I would rather die than be the one who thrusts her under the covers and into the darkness again, when she is now seeing a glimmer of light past her secrets. I would rather die a horrible and painful death.
I’m welcomed back with the brunt of many jokes through the day, occasionally giving me a reprieve against the fucked-up call I have for her. I almost send one of the boys out to drive by the Grandview, but I give up on that idea when I think of the betrayal. It’s a constant struggle that I will fight like I fought every other addiction.
For twelve long days, I work until I can barely stand, but sleep doesn’t come easy. Day after day, I drag my ass home, feeling the emptiness of her absence. I wash and vaguely sleep, before having to face another day in a constant fight with my own compulsion, hoping she is winning her own fight. I’ve lost countless hours of sleep, dreaming of what could be, only to wake with a hole deep in me, feeling wrong about the things I’m doing right.
Nona has called a couple of times. I brush her off, which is fucking shit, I know, but I can’t deal with it all right now. I’m numb and flat-out with work and want to ignore everything that involves my heart.
Right now, it’s aching like I just lost her all over again. When I was first arrested I felt this same pang, brutally gutted that I was at risk of losing her. Davey and Nona had each other, but we, Charlie and I, we were facing a loss greater than we had ever experienced.
Still to this day I can’t believe my naivety over my future. I thought I had a chance at a defence with a claim of self-defense against a monster. Though, as I faced that judge and the long line of character witnesses, I became real scared. They vouched for what a wonderful man and father the late Sheriff Barns was before his tragic and brutal death by a deranged young man. I began to see the scary truth of what was to come. Despite the evidence by Nona, Charlie, and myself, the jury and judge believed there was more behind the scenes than any whiteness could see, which gave us hope. Then they went on to say the word, but… when you hear
but
, everything before it is dissolved.
I was defending our lives right up until I chased him out into the yard and shot him in the back.
Nona screamed against their words, for she knew the truth.
She
pulled the trigger that fateful day, and yet I was going to pay the price. The guilt was screaming from her soul, and all I wanted to do was hold her. Charlie was nowhere to be seen. They kept her from us because she was a minor. I only saw her during her testimony. She wept so hard as she told her version of what her father did to us and her on that day, never swaying from my gaze. Right before she was to recite her lie, she looked toward Nona and Davey, and did us all proud before they ushered her from the courtroom and my life.

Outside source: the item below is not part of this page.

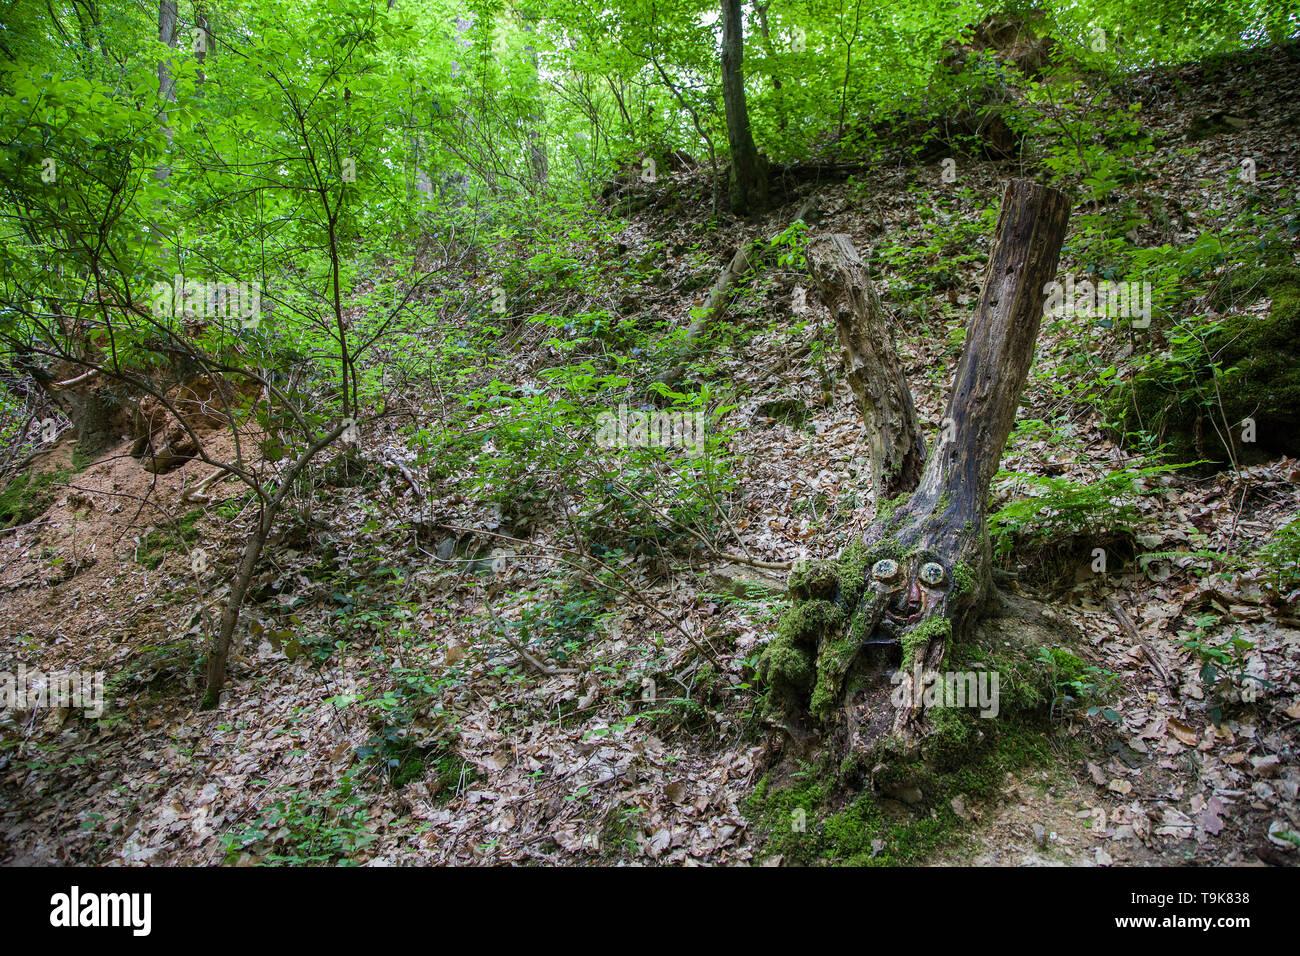 Carved face in a tree stump, Steckeschlääfer-Klamm, Binger forest, Bingen on the Rhine, Rhineland-Palatinate, Germany - Stock Image

There is a line between self-defense and hunting. I crossed that line and was sentenced accordingly. I faced a small time in detention until I turned of age where they then transferred me to state pen to face five years with parole.
Detention was almost like a heavily guarded school, allowing me to continue schooling and offered counseling. There were some soft kids in there, but most were borderline insane or a member of a gang. My first day I was warned about the gangs. If I wasn’t such a loner, I may have chosen to join them because I understood the power of loneliness. When you’ve been ripped from your family or never had one, it’s very tempting to become a part of something that represents the idea. They were a brotherhood, and they were dangerous. I did my very best to stay out of their way, aware survival was my only friend.